A layer-by-layer assembly technique was used to alternate oppositely charged layers on the gold current collector to construct the electrode material. Poly(diallyldimethyl ammonium) chloride (PDDA) (4 mg/mL in 0.5 M NaCl) was adsorbed for 20 min to the gold surface to assemble a cationic polyion polymeric layer. Adsorption of each layer was followed by washing with DI water and drying with nitrogen. A negatively charged bGO (0.7 mg/ml in 10 mM phosphate buffer, pH 7.2) was then adsorbed for 30 min, followed by a positively charged myoglobin (3 mg/mL in 10 mM acetate buffer, pH 5.5) adsorbed for 30 min, and in this way, three layers of bGO were sandwiched between two layers of myoglobin, named as a bGO/Mb film.

Electrochemical reduction of the bGO/Mb film was then performed using amperometry at a constant potential of −1.2 V for 70 seconds in 10 mM acetate buffer, pH 5.5 in 0.5 M KBr, and the resulting film was named brGO/Mb. A pyrolytic graphite electrode in a three-electrode system was used for the selection of the best protein (Mb), the number of bilayers (three), and for characterizing the electrochemical reduction step.

In certain embodiments, brGO-protein supercapacitors were fabricated with high volumetric capacitances of up to 860 F/cm³. Proteins in these devices not only made them compatible with cell-containing environments, but also provided pseudocapacitance as heteroatom rich nanostructures and may act as nanochannels for shuttling ions of the biofluids to conductive graphene interlayers.
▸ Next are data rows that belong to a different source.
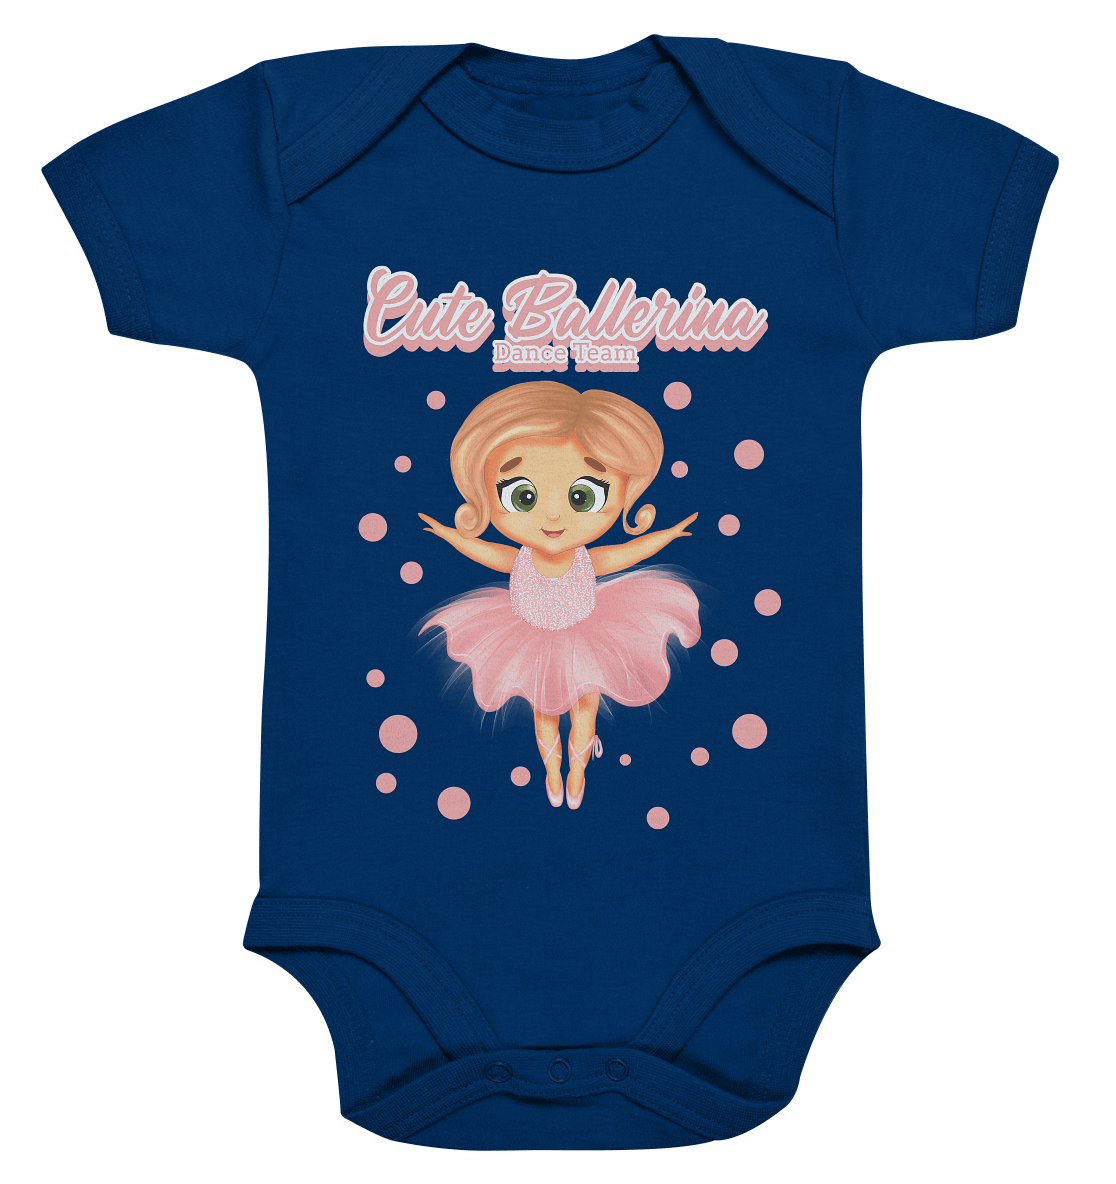 Baby Body in dunkel blau mit handgezeichneten Ballerina Cartoon.
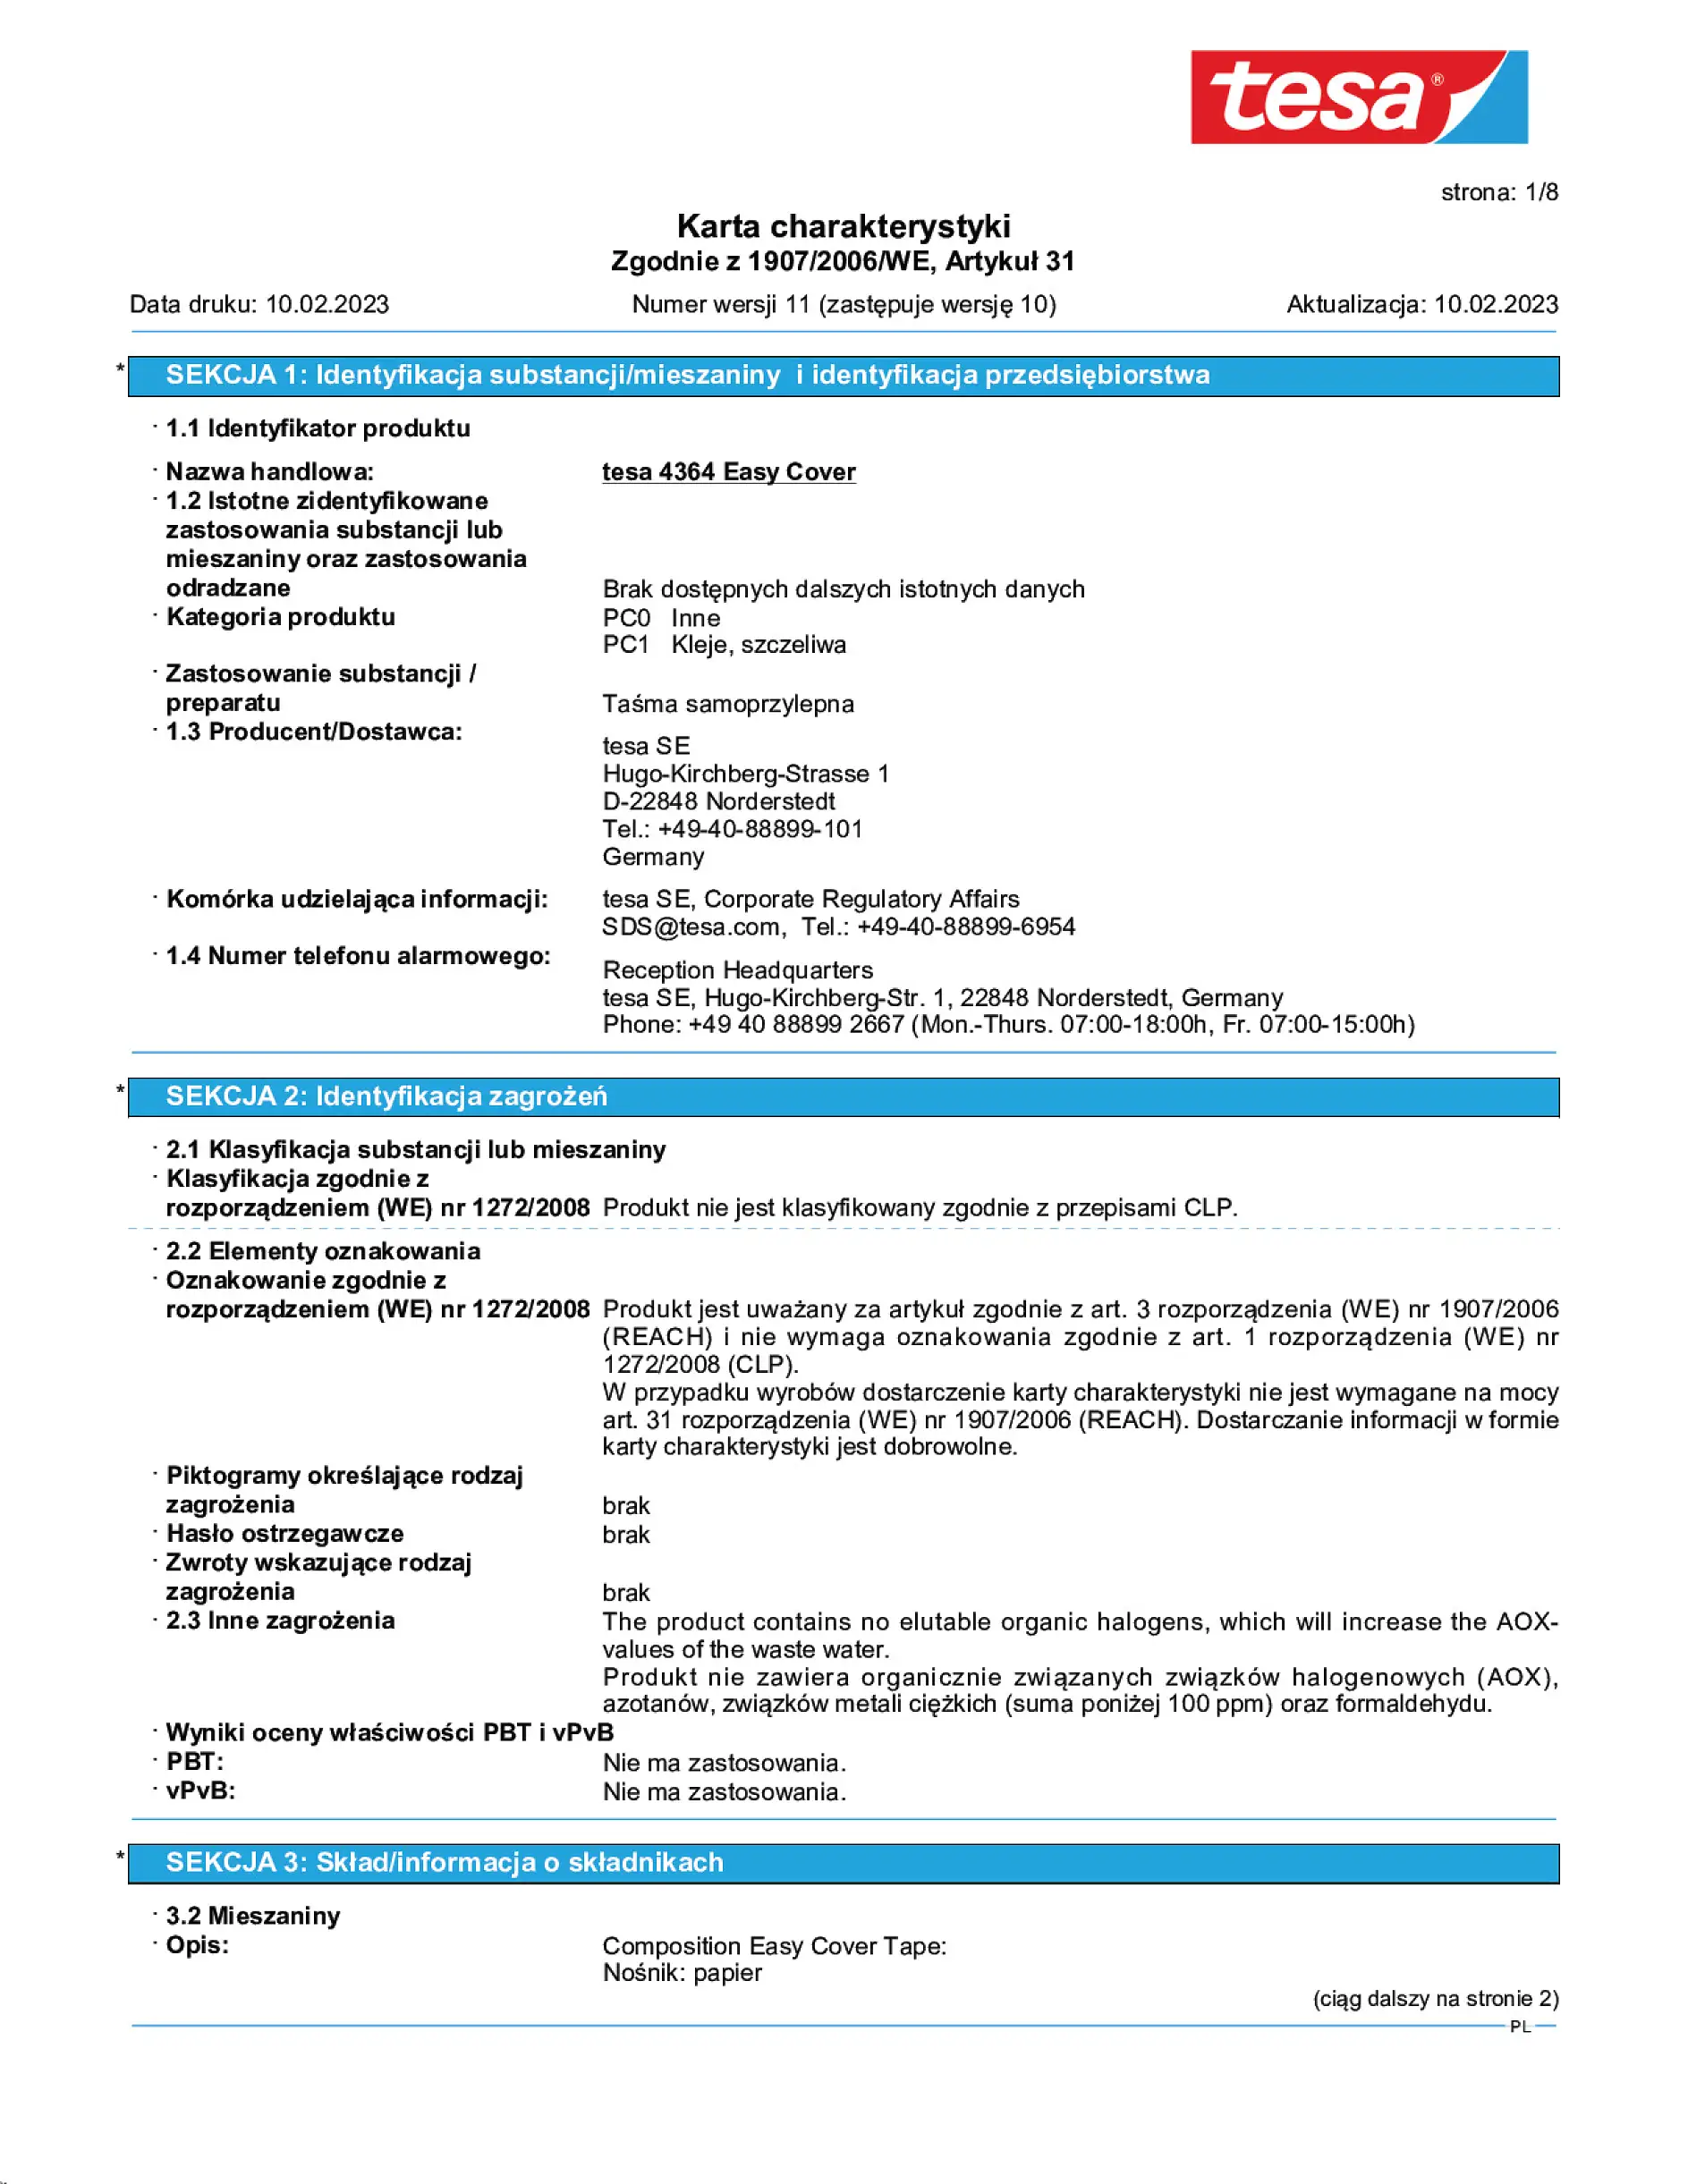 Safety data sheet_tesa® Professional 04364_pl-PL_v11
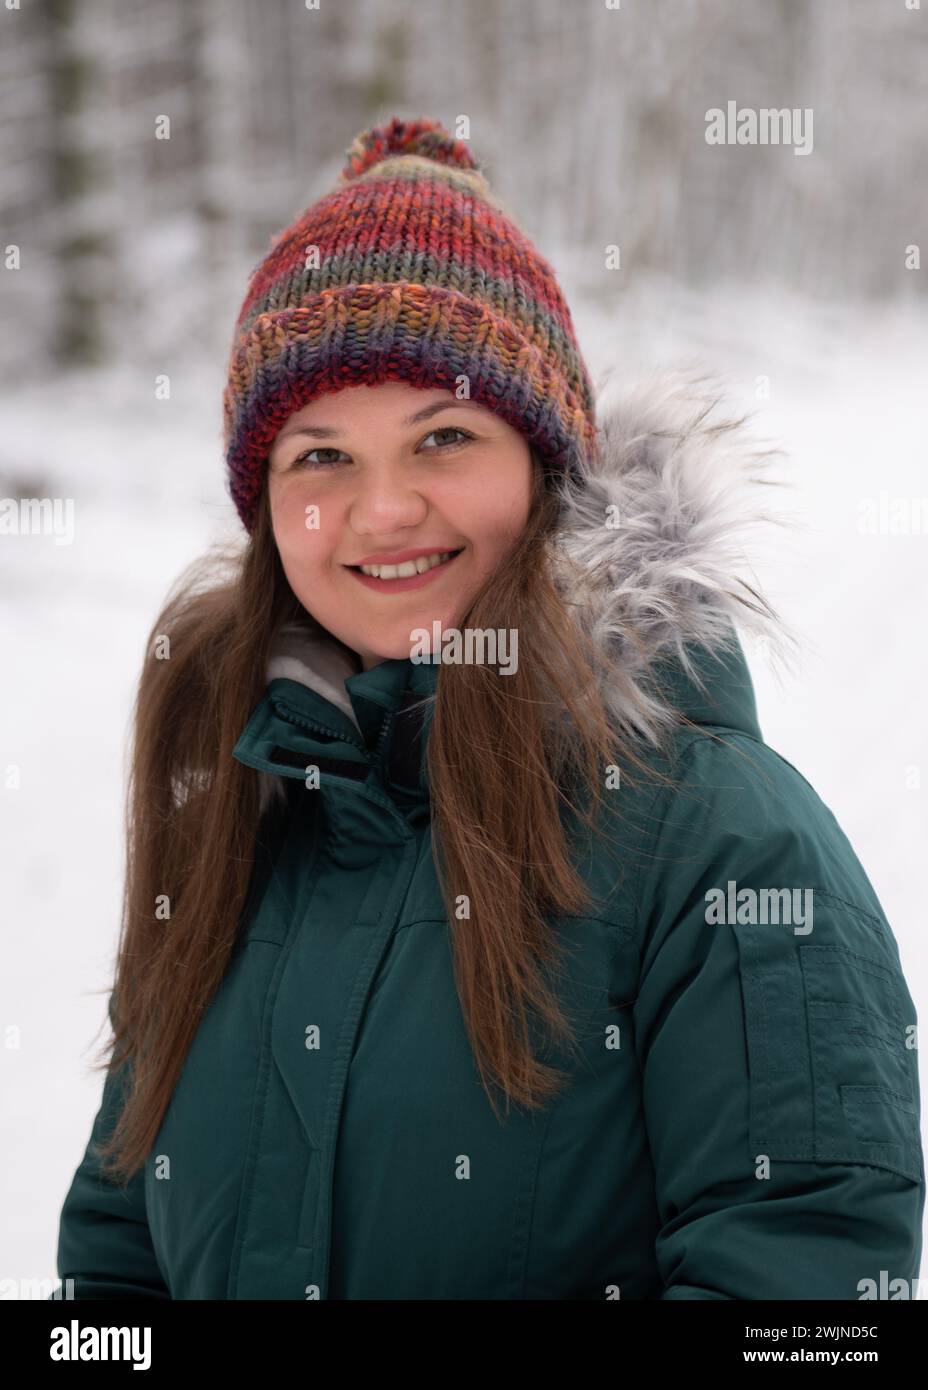 une femme au visage amical vêtue d'un chapeau d'hiver vibrant et d'une veste sarcelle, sur la toile de fond sereine d'un bois enneigé. Son sourire chaleureux contraste avec t Banque D'Images
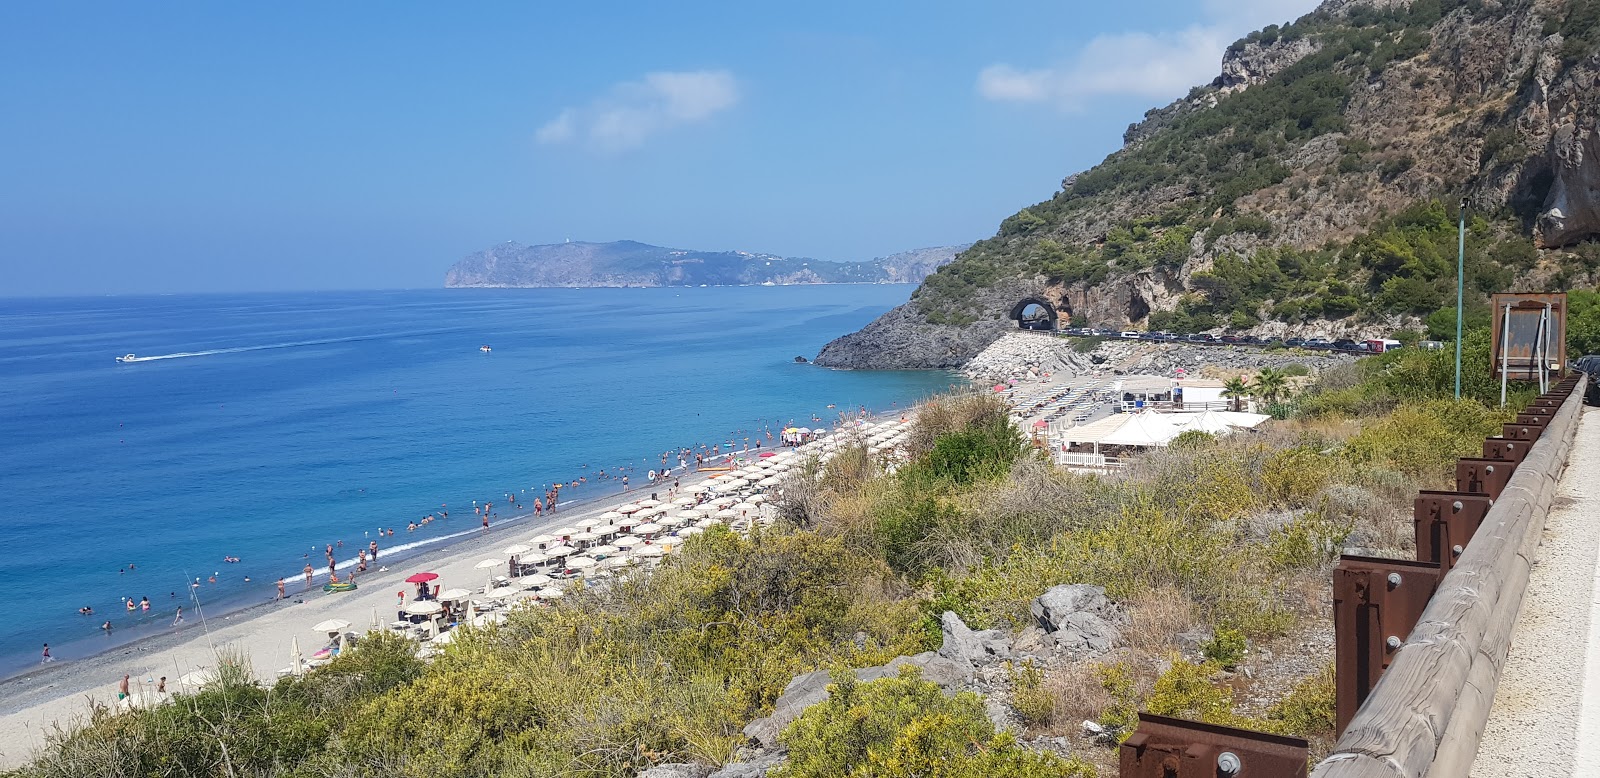 Foto af Spiaggia del Troncone med rummelig kyst
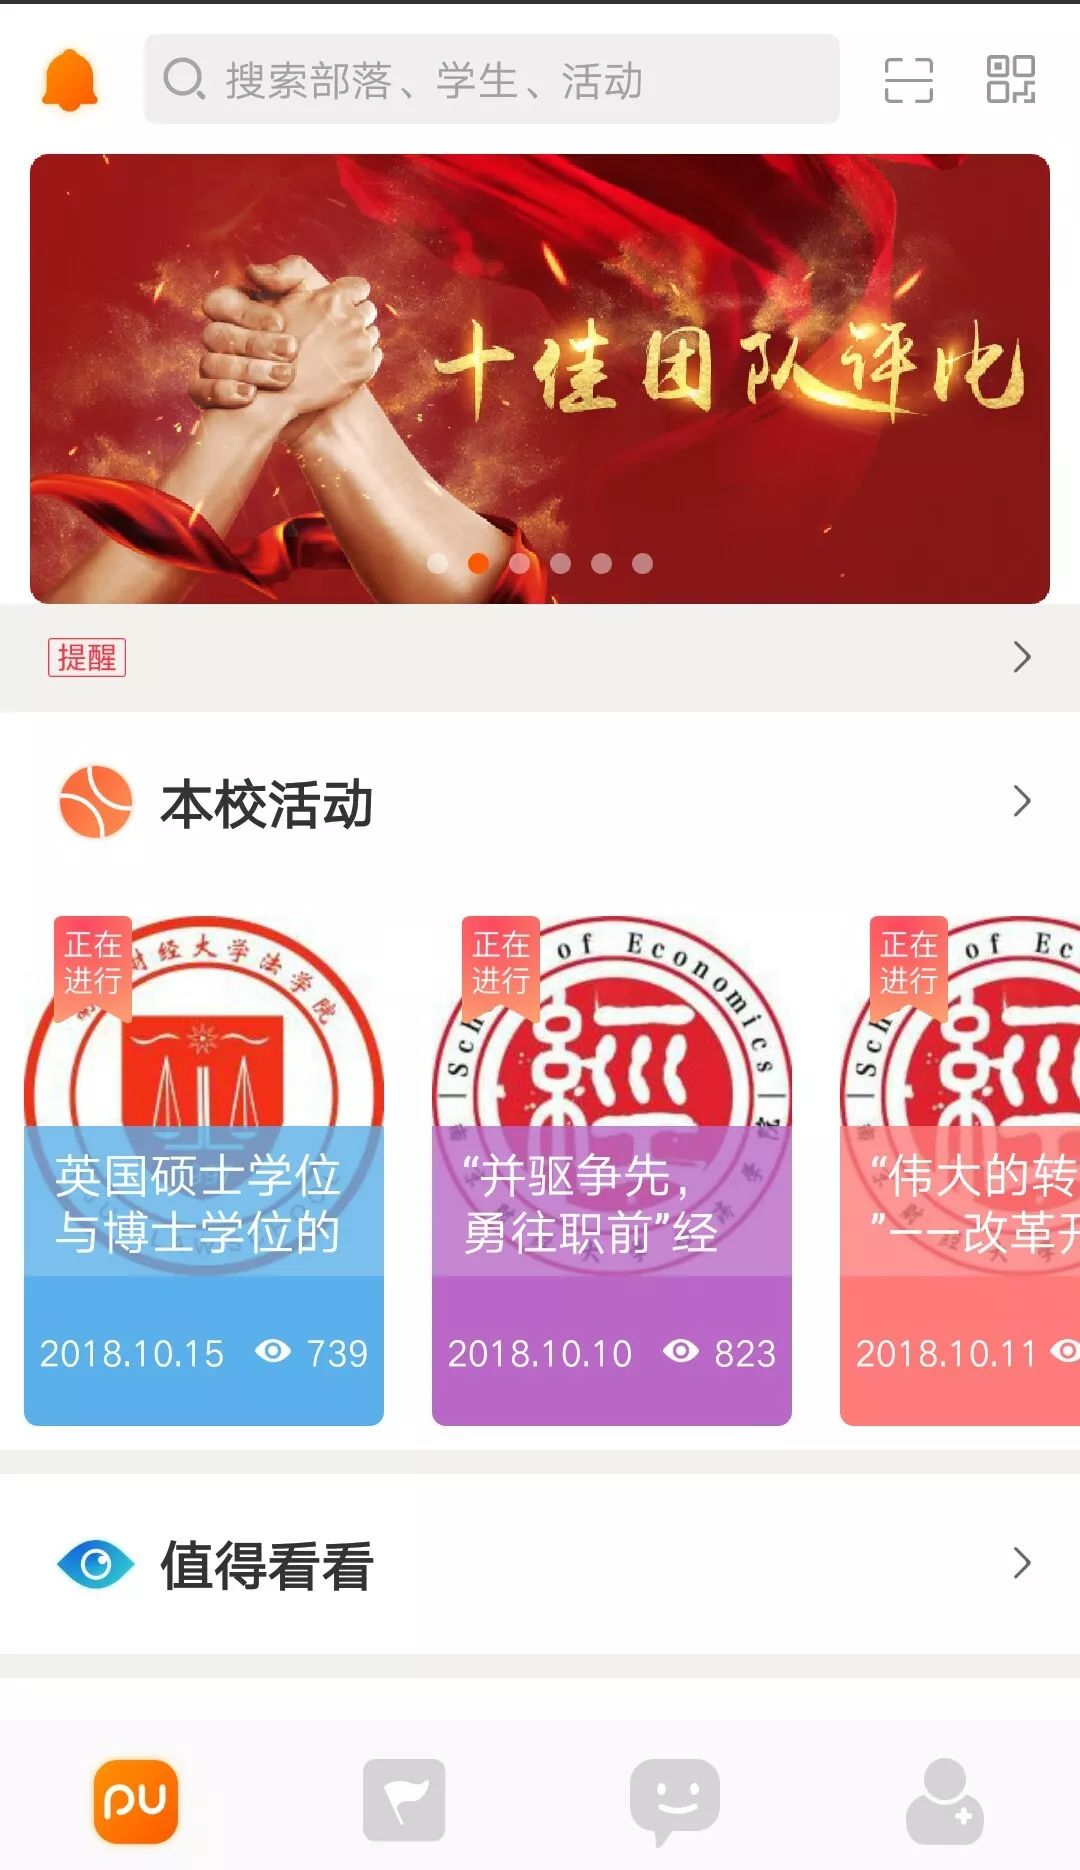 2018年江苏省大学生三下乡暑期社会实践十佳团队,十佳使者投票通道

These devices retained high energy density comparable to that of Li thin film batteries, while utilizing common biofluids or cell media as electrolytes to power LED with little loss of performance and low cell toxicity. Unlike batteries, which suffer from relatively slow discharge rates, the ultrathin brGO/Mb supercapacitors achieved ultrafast frequency response (cell time constant 1.5 ms), making these devices advantageous for fast discharge of electrical signal to a desired organ by next generation pacemakers, for example, as well as for acting as AC rectifiers. With protein as a major component in certain embodiments, these devices do not release toxic components.

The disclosed supercapacitors may be integrated into internally-powered biodevices. The disclosed supercapacitors may also be integrated into other devices.

A Highly Scalable Method for Fabrication of Graphene Protein Biosupercapacitors

Positively charged protein was added to a solution of negatively charged graphene oxide slowly with stirring. This was followed by introduction of a bare current collector to the solution and application of −1.1 V vs. SCE, which lead to formation of uniform films of thick protein with reduced graphene oxide, such as reduced graphene/myoglobin (rGMb), for example. This method lead to thicker films than traditional layer by layer assembly methods. This preferred method also lead to construction of high performance biosupercapacitors in 30 seconds of fabrication time, which is scalable and suitable for commercial production.

Device Fabrication

A thin water-insoluble polyvinyl acetate (PVA) separator with an average thickness of 992 nm (FIG. 13) was sandwiched between two brGO/Mb electrodes in a bottom up designed supercapacitor and wrapped with Kapton tape. PVA was first diluted in test electrolyte solution to a concentration of 1 to 5%. Adjustments may be needed until achieving a full intact thin layer. The diluted suspension of PVA was then applied to one side of the supercapacitor, left to be just partially wet, and then the device was assembled. In this exemplary embodiment, the full stack thickness of the device was 1.14 μm including electrodes, current collectors, and separators. The device was then dipped into the testing electrolyte for 10 minutes before electrochemical performance was evaluated, to ensure wetting of the separator and the electrodes with the test electrolyte. The device was connected to an electrochemical workstation through extension from a gold collector via alligator clips, while copper tape was used to connect the device to the electrochemical workstation when using cell culture media as electrolyte, to avoid possible contamination of the workstation alligator clips by the media.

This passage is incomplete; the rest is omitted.